Jackie Robinson’s presence in the story as a heroic figure, sets the stage for what will be a coming of age story culminating in Eilis’s ultimate rejection of the expectations and norms of her small and culturally homogenous hometown and her eventual decision to integrate herself into a life where she embraces intimacy with people of different classes, races and ethnicities. Jackie Robinson lives on in the American psyche as one of the first popular icons of racial integration. He was accepted as a well-loved player of the Brooklyn Dodgers well before the Supreme Court declared school segregation illegal, at which time many African American players had already been integrated onto baseball teams (Tygiel 9).
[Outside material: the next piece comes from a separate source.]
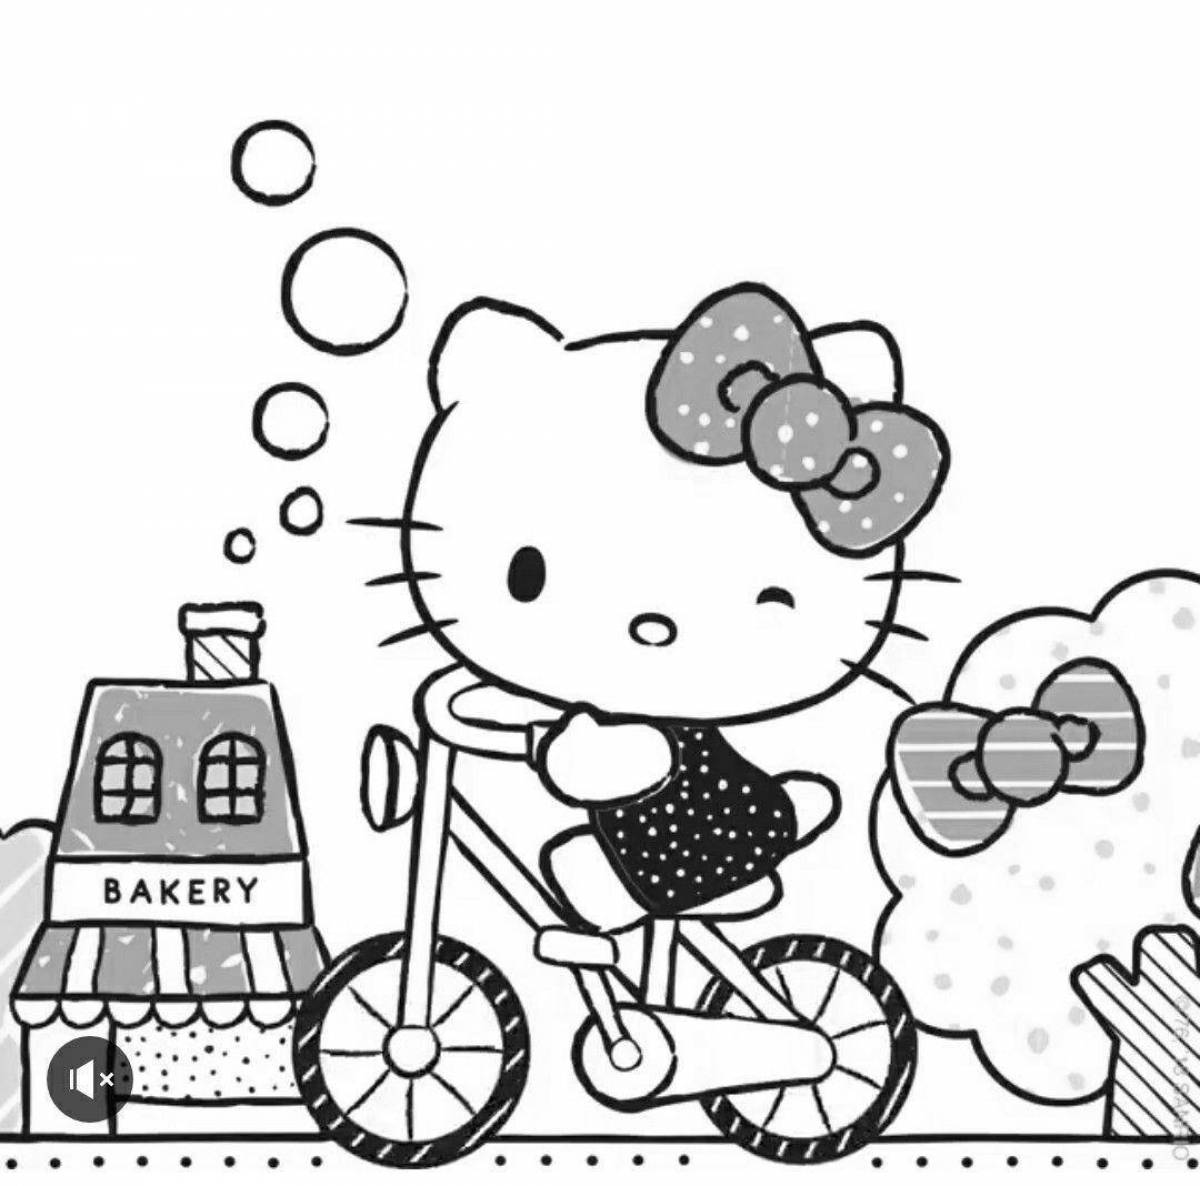 Fabulous melody and hello kitty coloring book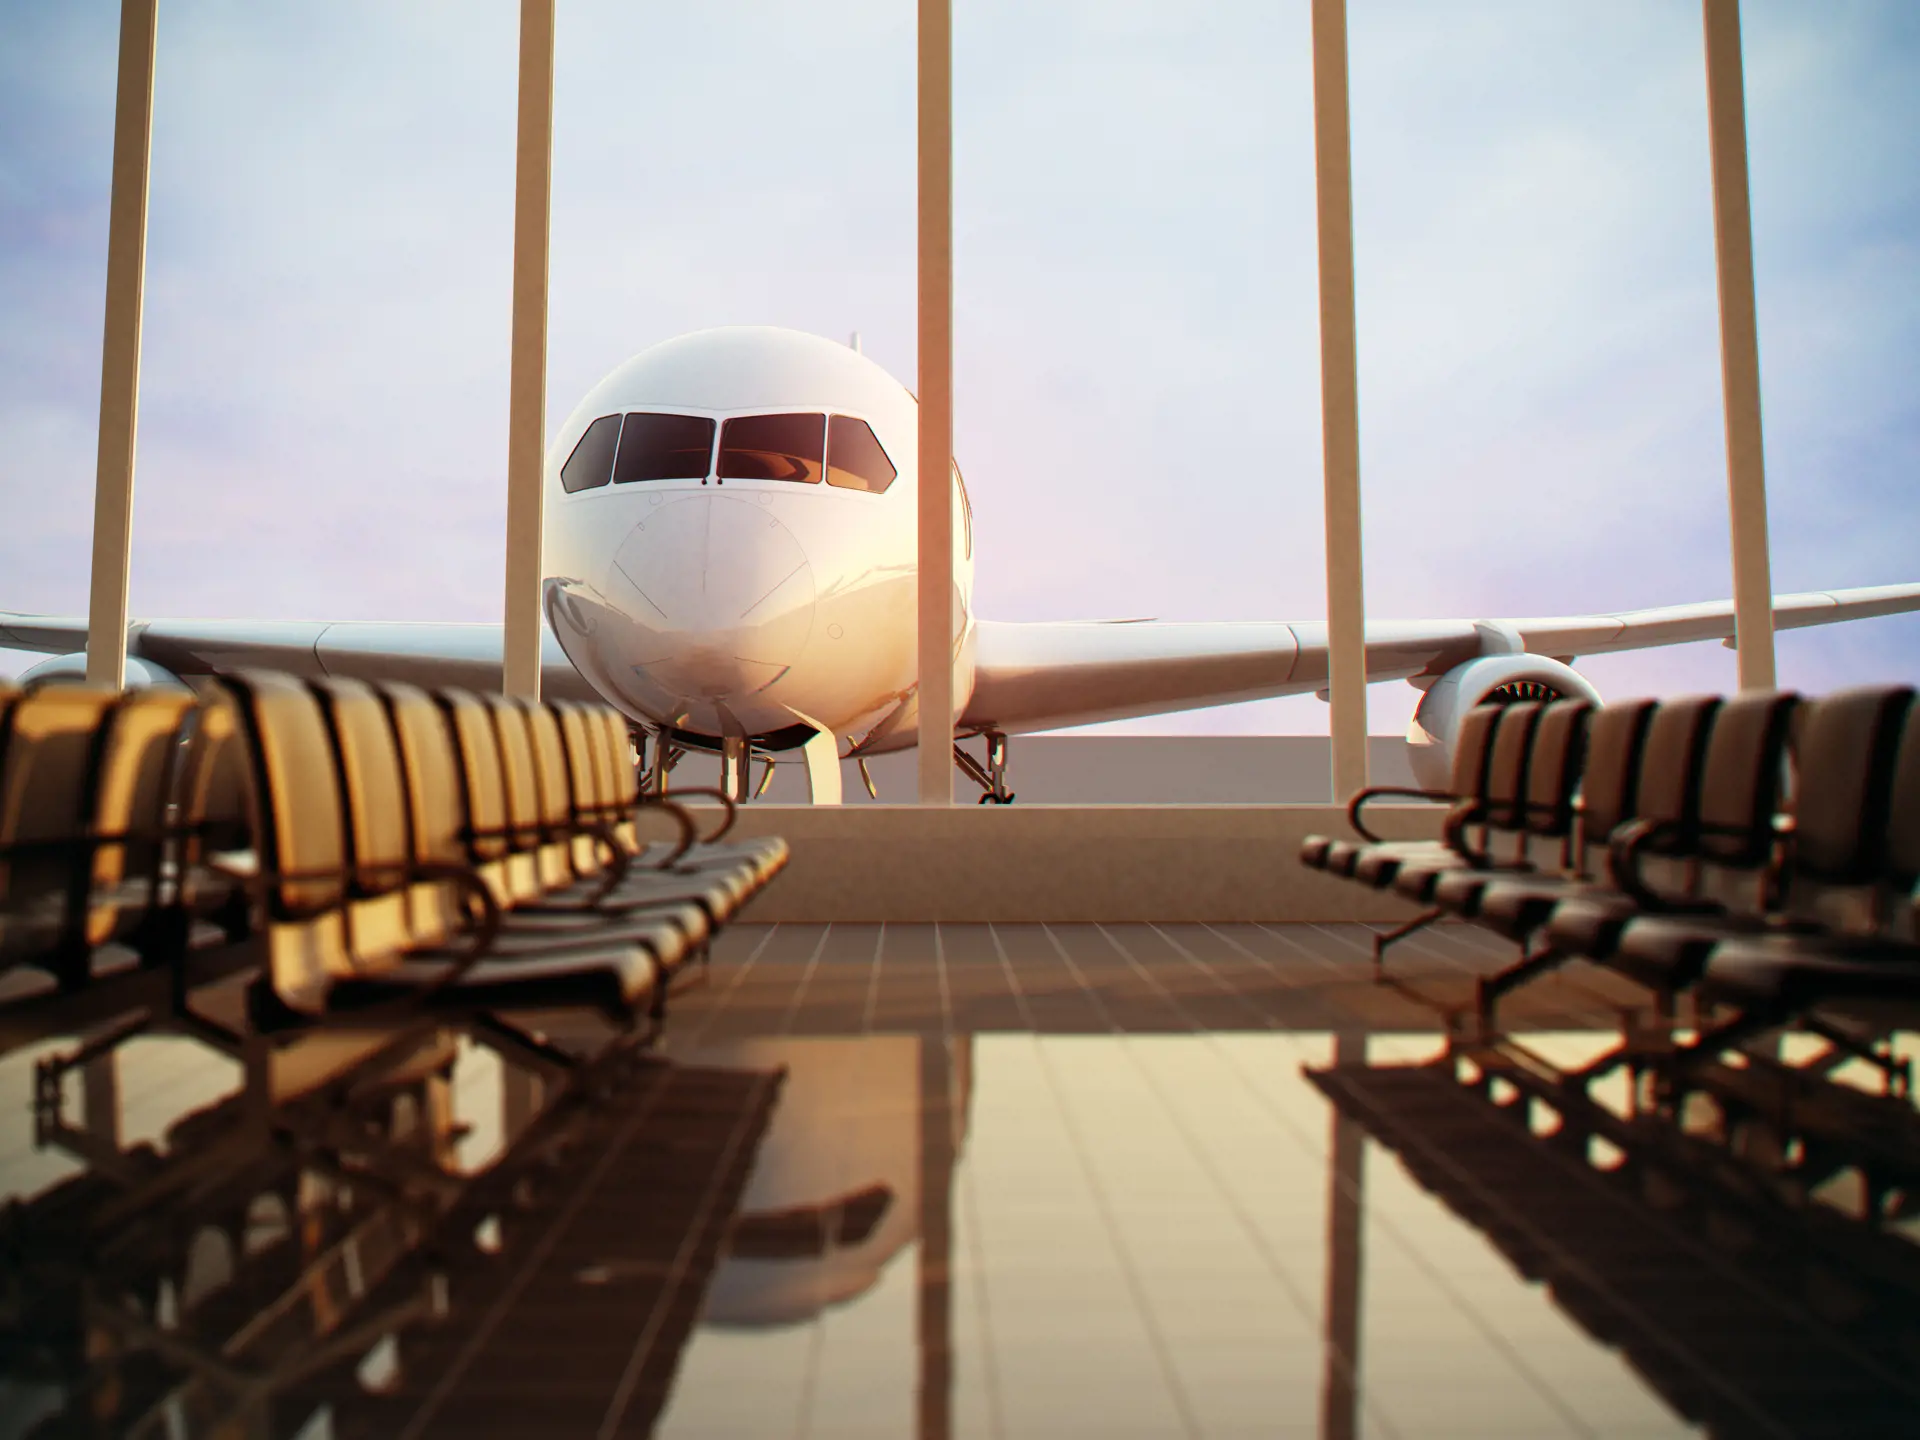 shutterstock_124713472 Airplane, view from airport terminal..jpg

At the end of Brooklyn, Toibin’s main character Eilis, has to face the criticism and pressure of leaving her hometown to return to New York. She is frowned upon, not just by members of her community, but also by her own mother, for making the choice to return to Tony and a life of difference. Similarly, Jackie Robinson had to face tremendous pressure and even death threats as he broke racial barriers throughout his life and career in baseball. In the end, “Robinson’s performance under unimaginable pressure was truly one of the greatest athletic triumphs, if not the greatest, in American history” (Glasser). Although at the end of Brooklyn, it isn’t totally clear what exactly Eilis will find when she returns to NY and Tony, the example of Jackie Robinson and the Brooklyn Dodgers and their hard won popularity and success gives the reader a sense of hope for Eilis’s future, even though she is turning away from what would have been an easy and comfortable life of success in her Irish hometown.

Works Cited

Glasser, Ira. “Branch Rickey and Jackie Robinson, Precursors of the Civil Rights Movement.” The World and I, March 2003.

Toibin, Colm. Brooklyn. Ireland: Scribner, 2009.

Tygiel, Jules. Baseball’s Great Experiment: Jackie Robinson and His Legacy. New York: Oxford University Press, 1983.